First to the Pentecost. It is the teaching of the Church that the Holy Spirit descending upon the Apostles and indwelled them on the day of Pentecost. To say that it was only a mere realization is, in my opinion, a serious departure from the Church's teaching.
On the fasting of Jesus. We have no reason to believe that Jesus did not literally fast for 40 days. People do this today, it is not like it can't be done.
Same with the parting of the Red Sea. Why couldn't this have happened? Scientist, in fact, have postulate theories that would explain how the Read Sea was indeed parted – such as the explosion of a major volcano in the Mediterranean Sea known to have occurred about the time of the Red Sea Crossing. The scientists theorize that it would have been possible for the Red Sea to have parted at a section that is very shallow and which drops off in depth. The water levels could have changed in such a way as to part the sea just long enough for Israel to have crossed.
This is just one possible theory, but one that is possible. The parting of the Red Sea could have happened.
The story of Jonah, however, is generally considered to be a myth with the motivation of telling a religious truth. However, even this event is possible. In modern times whole animals have been found in the bellies of large whales.

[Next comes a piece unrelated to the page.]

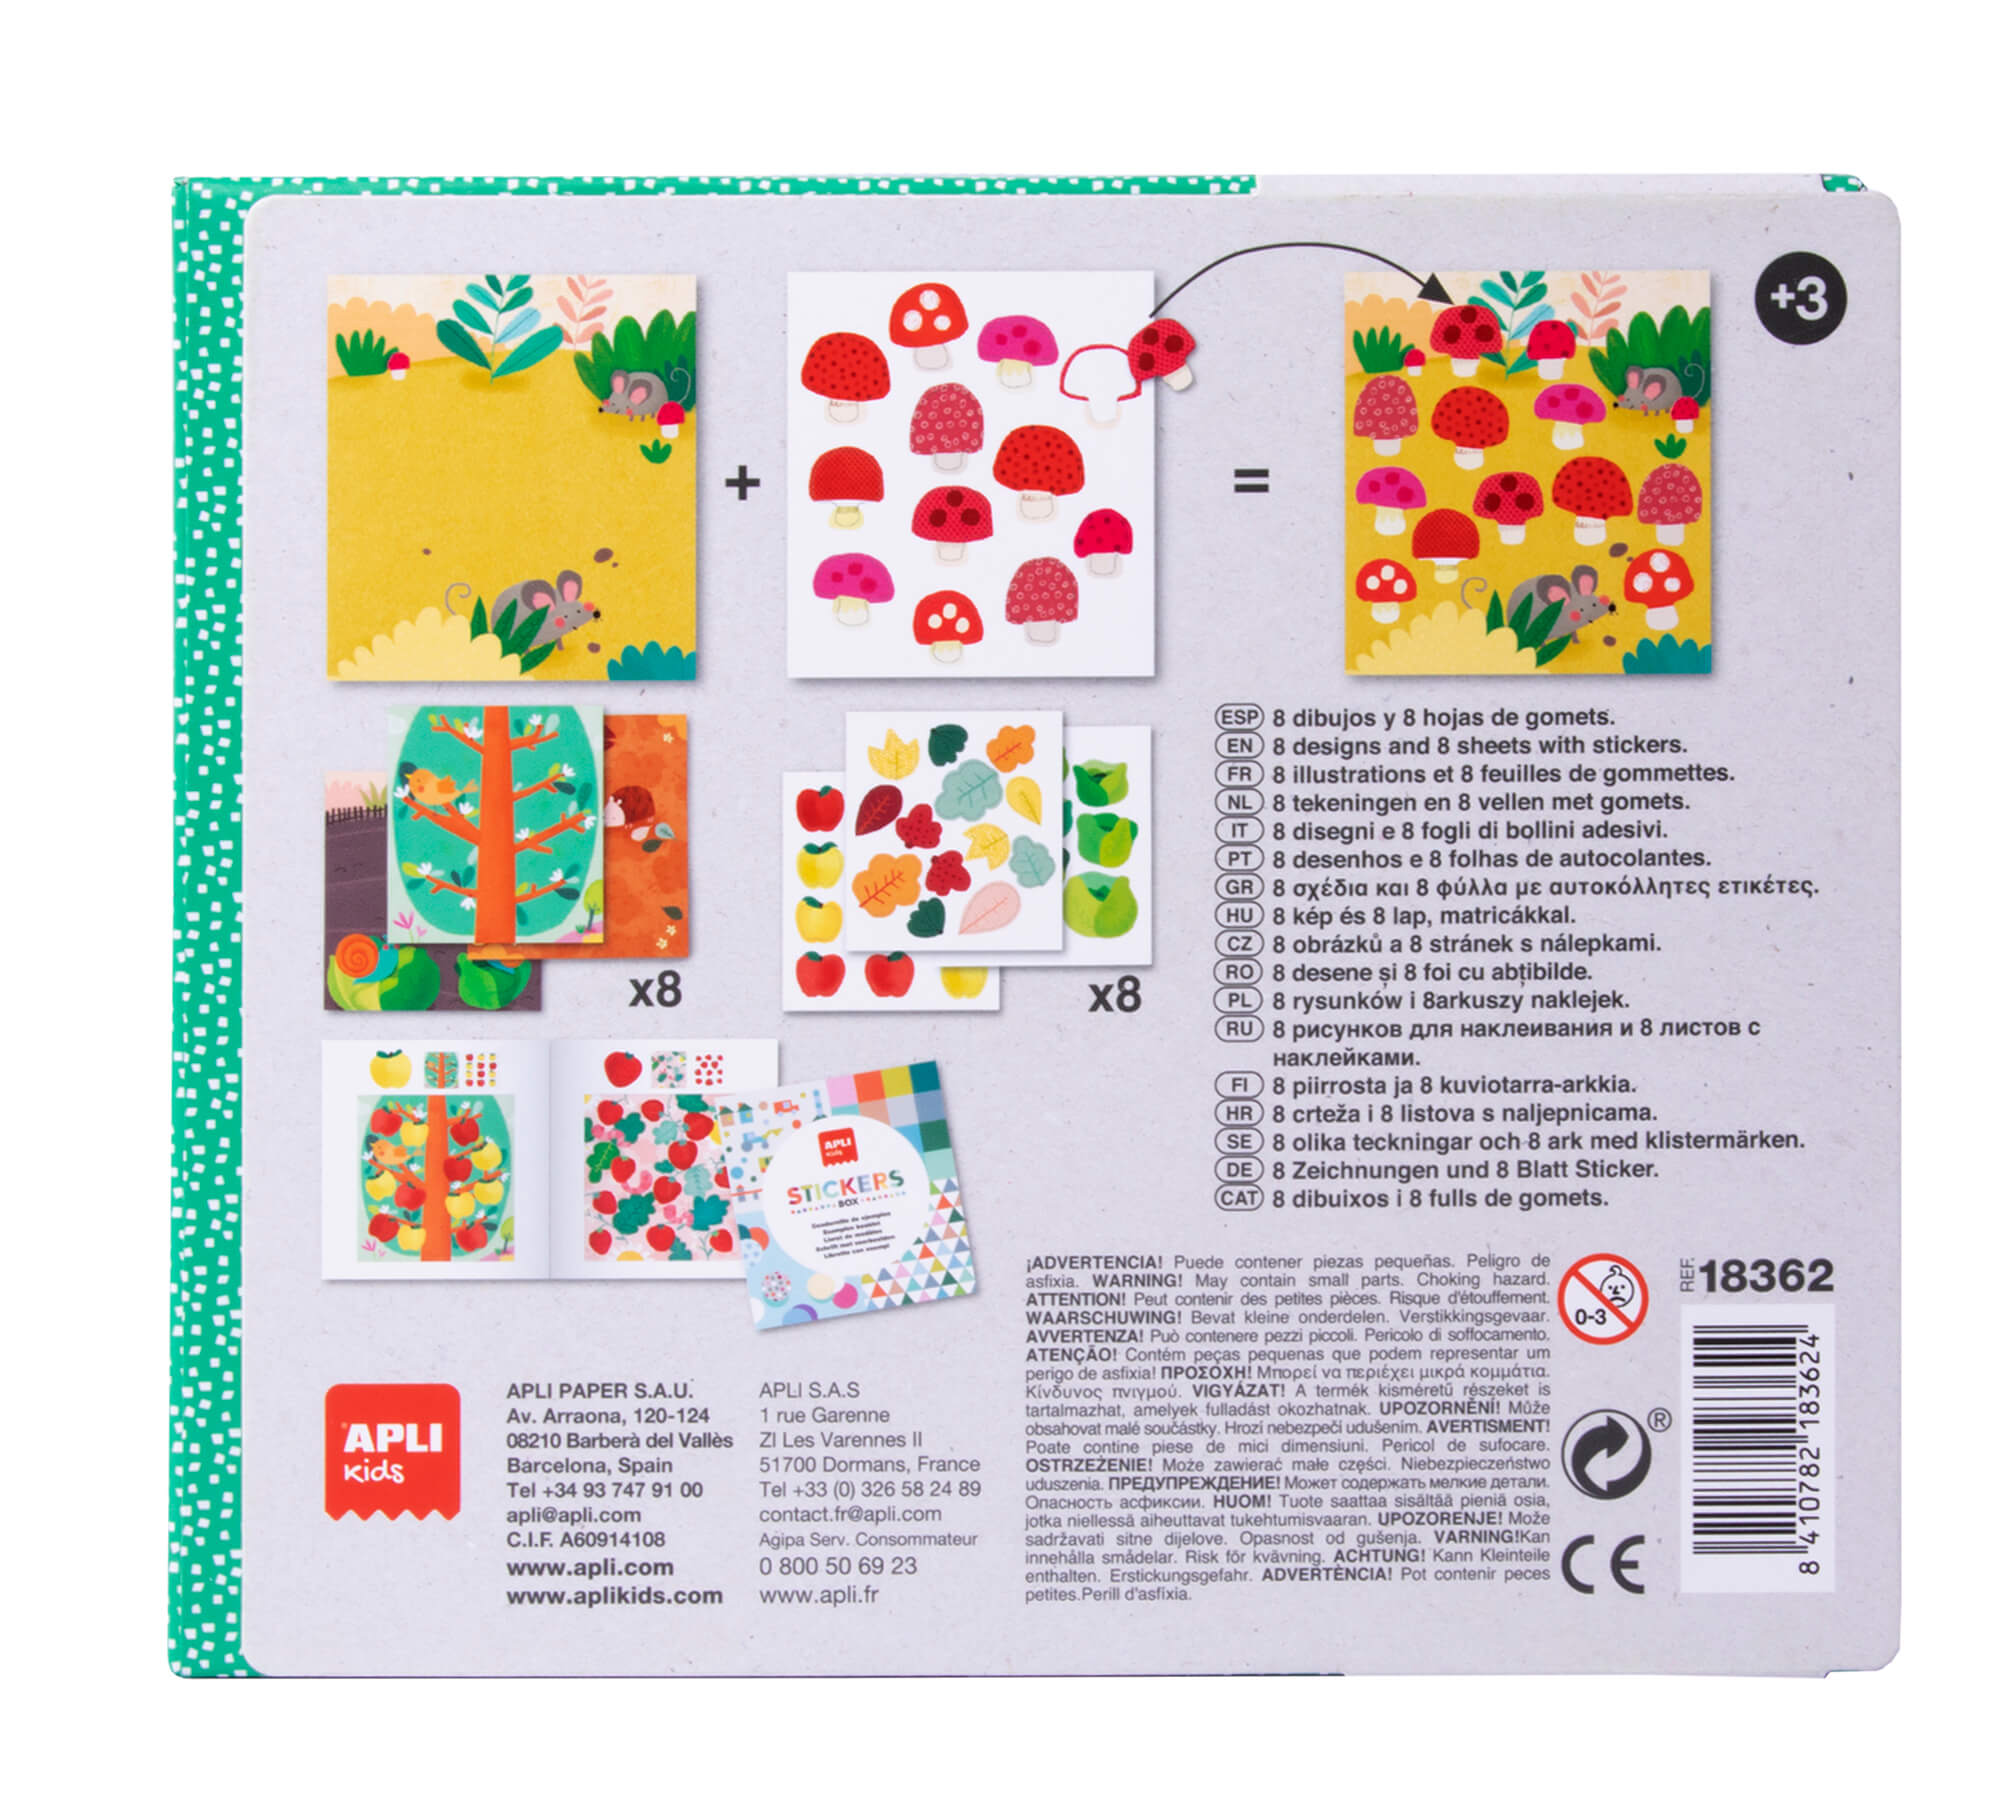 Apli Kids Ladybug Eraser Games - 8 Feuilles Illustrées de 200G - 8 Feuilles de Gommes Géométriques Amovibles - Haute Valeur Pédagogique - Boîte en Carton au Design Exclusif - Coloré

The most important aspect of all stories in the Bible is their religious truth, not their historical accuracy. But, I have found that people who so quickly and readily dismiss these stories as mere myths are people who generally are lacking faith in other areas. They don't seem to give God the benefit of the doubt that he could indeed perform a miracle. Most of these people, from my experience also de-miracle-ize the Bible. Whether they know it or not consciously, I believe that many of these people are denying the power of God and trying to bring humanism into Scripture.
The statement that Pentecost was merely a realization of the Apostles and not an supernatural outpouring of the Holy Spirit is certainly a humanistic notion that one would hope would never come from a priest.
No, Frances, these things are not just what a fundamentalist believes, what they are saying is what a liberal humanist believes.
Ignore their imprudent dismissal of supernatural realities of God. But do keep in mind that many stories, like that of Jonah, are meant to express a religious truth and not be a historical record. But that doesn't mean that they are all myths.
I certainly believe that Jesus fasted for 40 days; I certainly believe the Red Sea was parted, and although scholars are in general agreement that Jonah is most likely a myth, I personally believe in the reality of the story myself.
It is not so important whether we agree on the historical accuracy of some of these stories, but it is important to agree upon the religious truths.